Torchtext and token <eos>, <pad>

When I did machine translation task(using the Transformer model), I find a question:

As I want the model to predict the token but not have it be an input into the model, I simply slice the <eos> token off the end of the sequence. Thus:

trg = [sos, x_1, x_2, x_3, eos]
trg[:-1] = [sos, x_1, x_2, x_3]

But when I use torchtext generate my datasets, I find the last elements of sentence is the <pad> token, such as:

trg = [sos, x_1, x_2, x_3, eos, pad, pad, pad]
trg[:-1] = [sos, x_1, x_2, x_3, eos, pad, pad]

so i can’t slice the <eos> token, how can I solve this question?

can you open an issue on torchtest github with a code snippet. The translation dataset has not been re-written and there may be some bugs there. But we can try to have some people take a look at it.

Ok, I will do it. And could you tell me how to solve this problem?

Please post the issue along with some code snippets so we could help you figure out a solution.

This is my code:

spacy_de = spacy.load('de')
spacy_en = spacy.load('en')
def tokenize_de(text):
    """
    Tokenizes German text from a string into a list of strings (tokens) and reverses it
    """
    return [tok.text for tok in spacy_de.tokenizer(text)][::-1]

def tokenize_en(text):
    """
    Tokenizes English text from a string into a list of strings (tokens)
    """
    return [tok.text for tok in spacy_en.tokenizer(text)]
SRC = Field(tokenize=tokenize_de,
            init_token=init_token,
            eos_token=eos_token,
            lower=True,
            batch_first=True)
TRG = Field(tokenize=tokenize_en,
            init_token=init_token,
            eos_token=eos_token,
            lower=True,
            batch_first=True)

train_data, valid_data = IWSLT.splits(exts=('.de', '.en'),
                                                 fields=(SRC, TRG),
                                                 test=None,
                                                 filter_pred=lambda x: len(vars(x)['src']) <= max_seq_len and
                                                 len(vars(x)['trg']) <= max_seq_len)
SRC.build_vocab(train_data, min_freq=min_freq)
TRG.build_vocab(train_data, min_freq=min_freq)

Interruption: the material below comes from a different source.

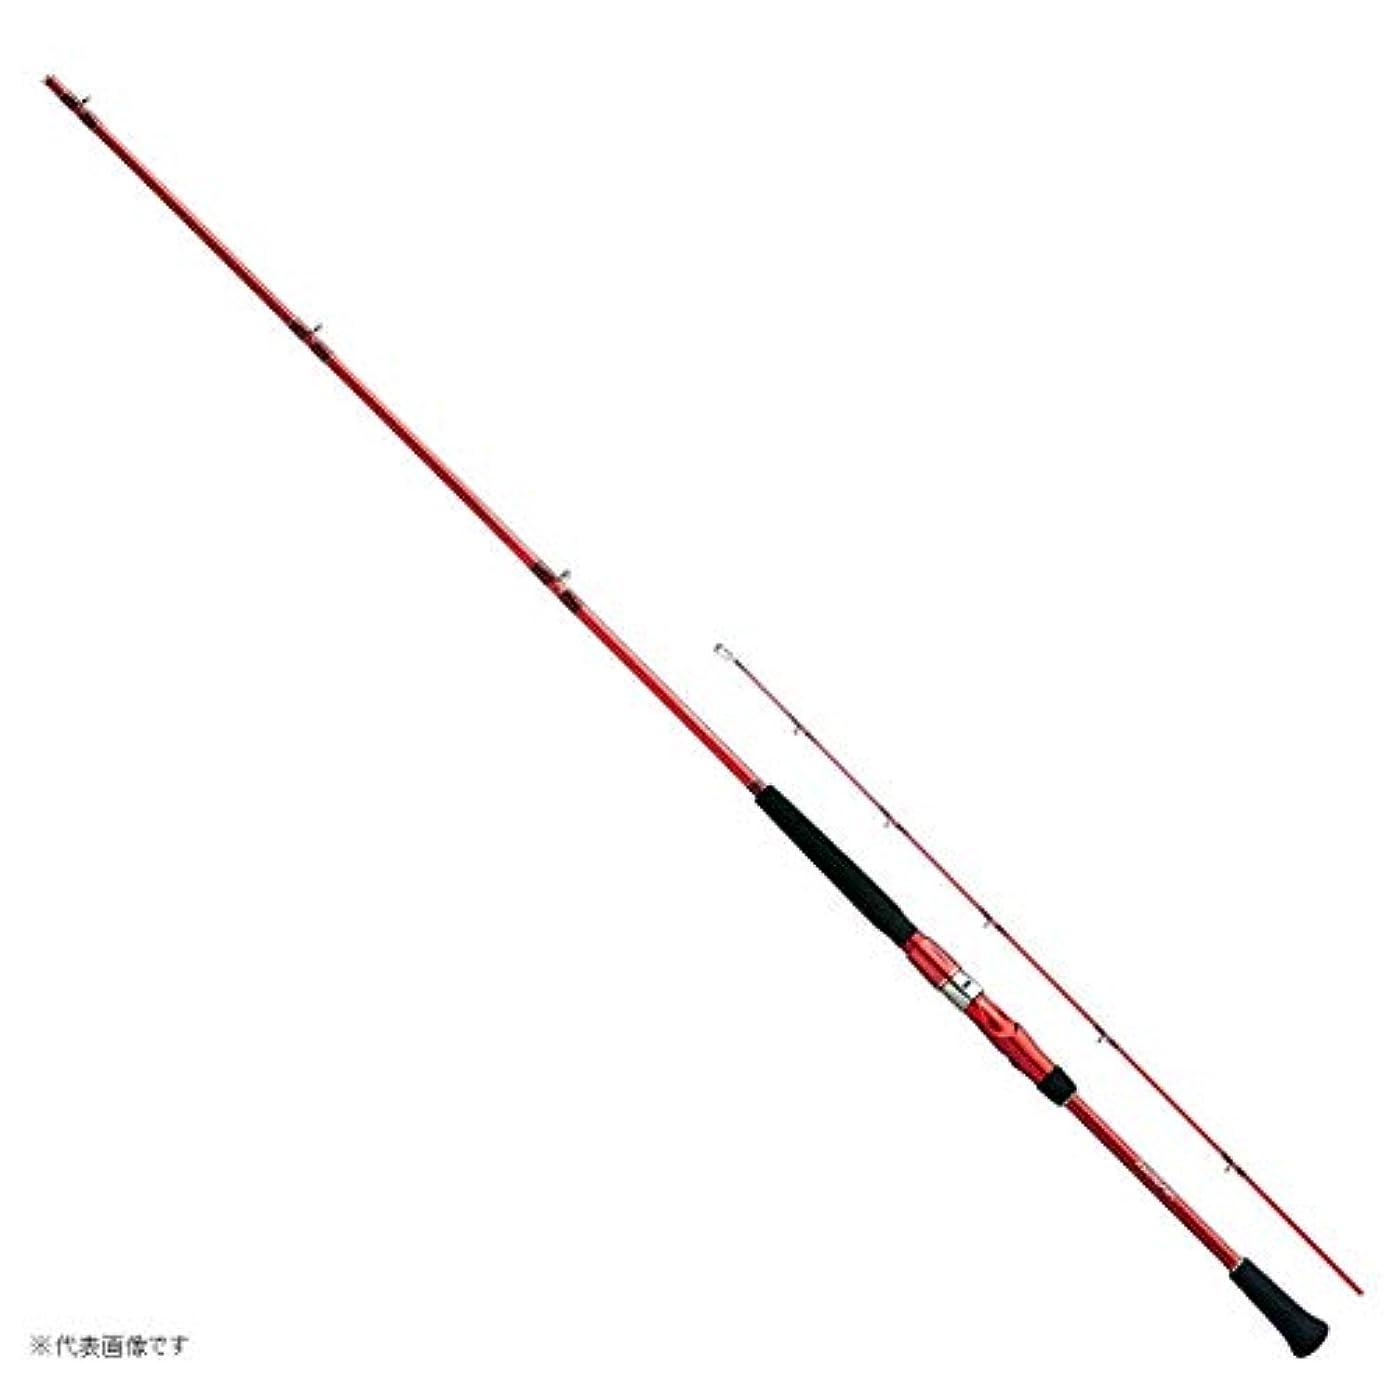 経済メタリックするだろうダイワ(Daiwa) 船竿 ベイト シーフレックス64 80-270 釣り竿
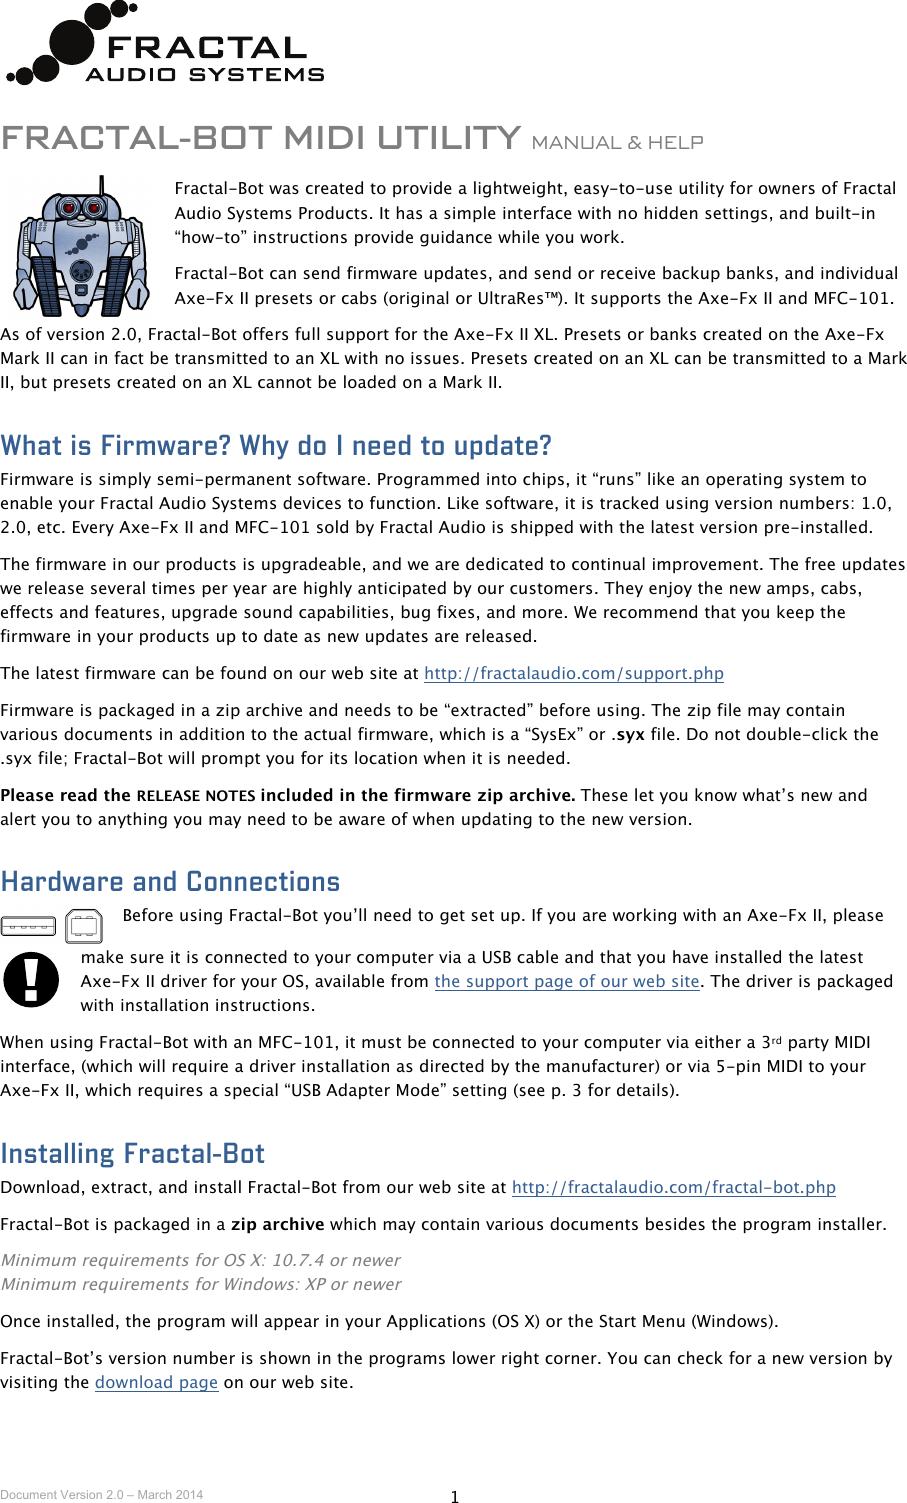 Fractal Bot Mini Manual V2 0 2p0

train_iter, valid_iter = BucketIterator.splits(
    (train_data, valid_data),
    batch_size=batch_size,
    device=device)

When I print the data in train_iter, the output as follow:

As i say at the beginning, I think the last element of src and trg should be <eos> token, which is 3, but in fact the last element of src and trg is 1, that is <pad> token.

May I ask have you resolved this issue?